Thursday 11:30 AM–12:10 PM in Room 3

Open Data, Networks and the Law

Iain Carmichael, Michael Kim

Audience level:
Intermediate

Description

What does network science have to say about the law? Can we determine which are the most the most influential cases in our legal system? Can we understand how legal doctrine evolves? Using tools from network statistics and data provided by Court Listener (an open legal data project), we analyze the network of law case citations.

Abstract

Citation networks have recently been a topic of interest to network scientists. Court Listener, an open data initiative, provides the network of law case citations as well as the text of (almost every) court case in the US. This network data set provides a rich array of questions that are of interest to legal scholars as well as network scientists.

Can we determine which cases are the most influential in our legal system?
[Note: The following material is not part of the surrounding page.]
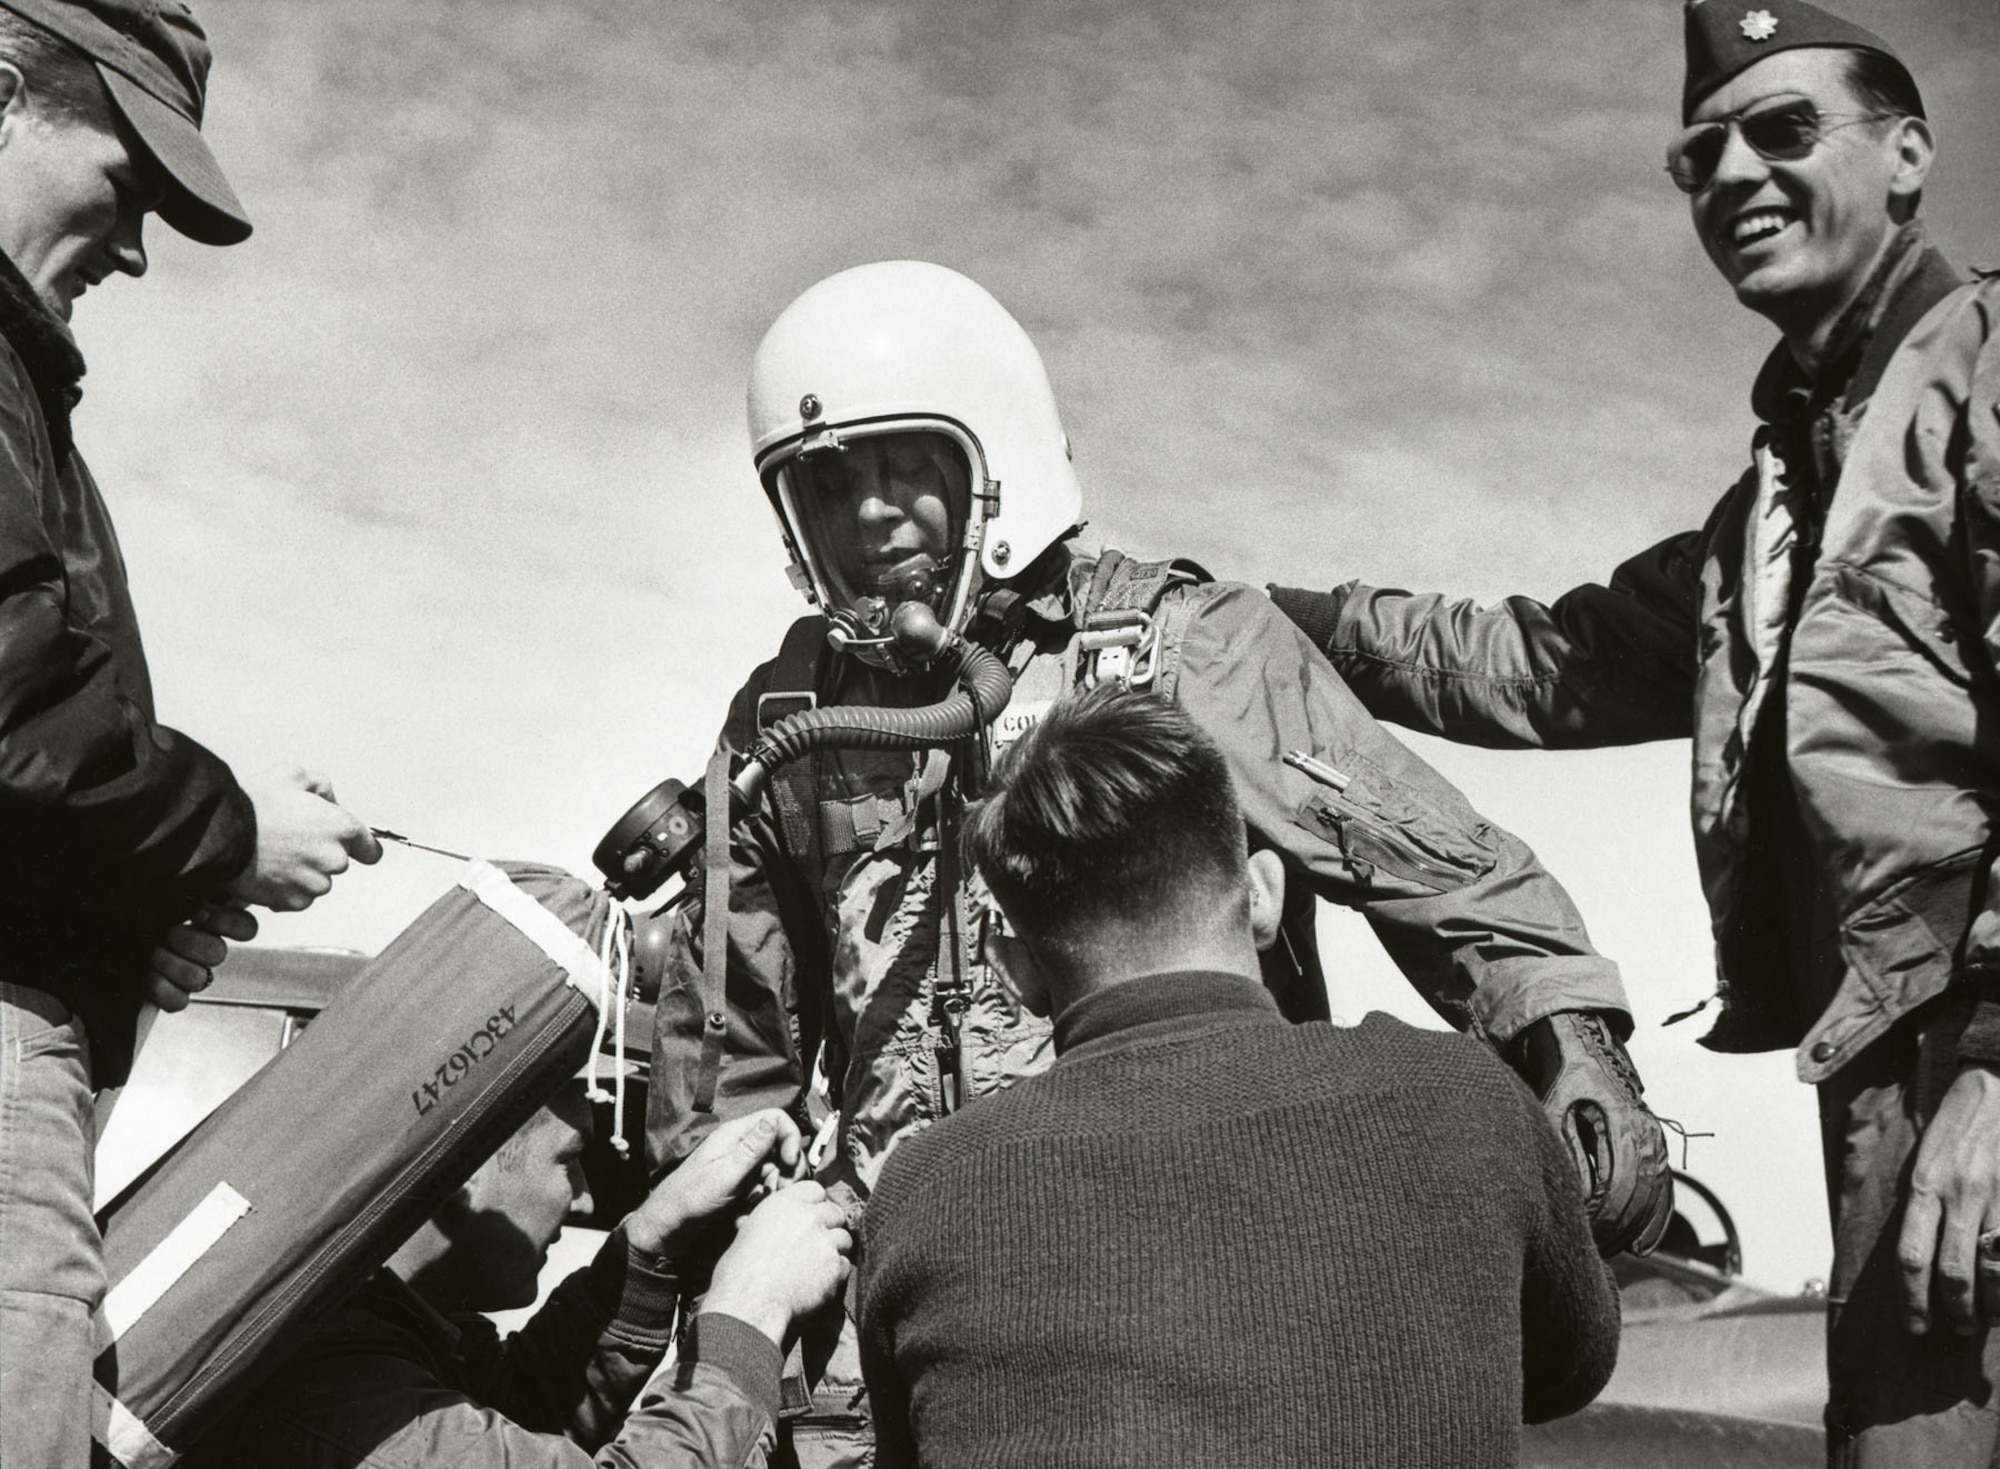 Pilots of early U-2s wore partial pressure suits like this MC-3 suit (worn underneath a standard flying coverall). The aircraft’s cockpit was too small to allow a bulkier but more comfortable full pressure suit. Early U-2s also did not have ejection seats in order to save weight. (U.S. Air Force photo)

Can we understand how legal doctrine evolves? We will discuss what we learned about how the network of law cases evolves and what this means for legal practitioners.

Inspired by this data set we develop new statistical methodology to model how networks evolve. We also provide new techniques to asses the goodness of fit for both standard and novel probabilistic network growth models.

We also discuss what we learned from this project about advancing undergraduate statistics education and how it can interface with industry or other areas of academia. This project involves a wide swath of the data science process from acquiring/cleaning data, to building up Python infrastructure required to analyze a complex data set, and finally to developing new statistical theory for network data. We believe that data science research projects like this one are ideal for undergraduate (and graduate) statistics students to get comprehensive training in the computational techniques required for the real world.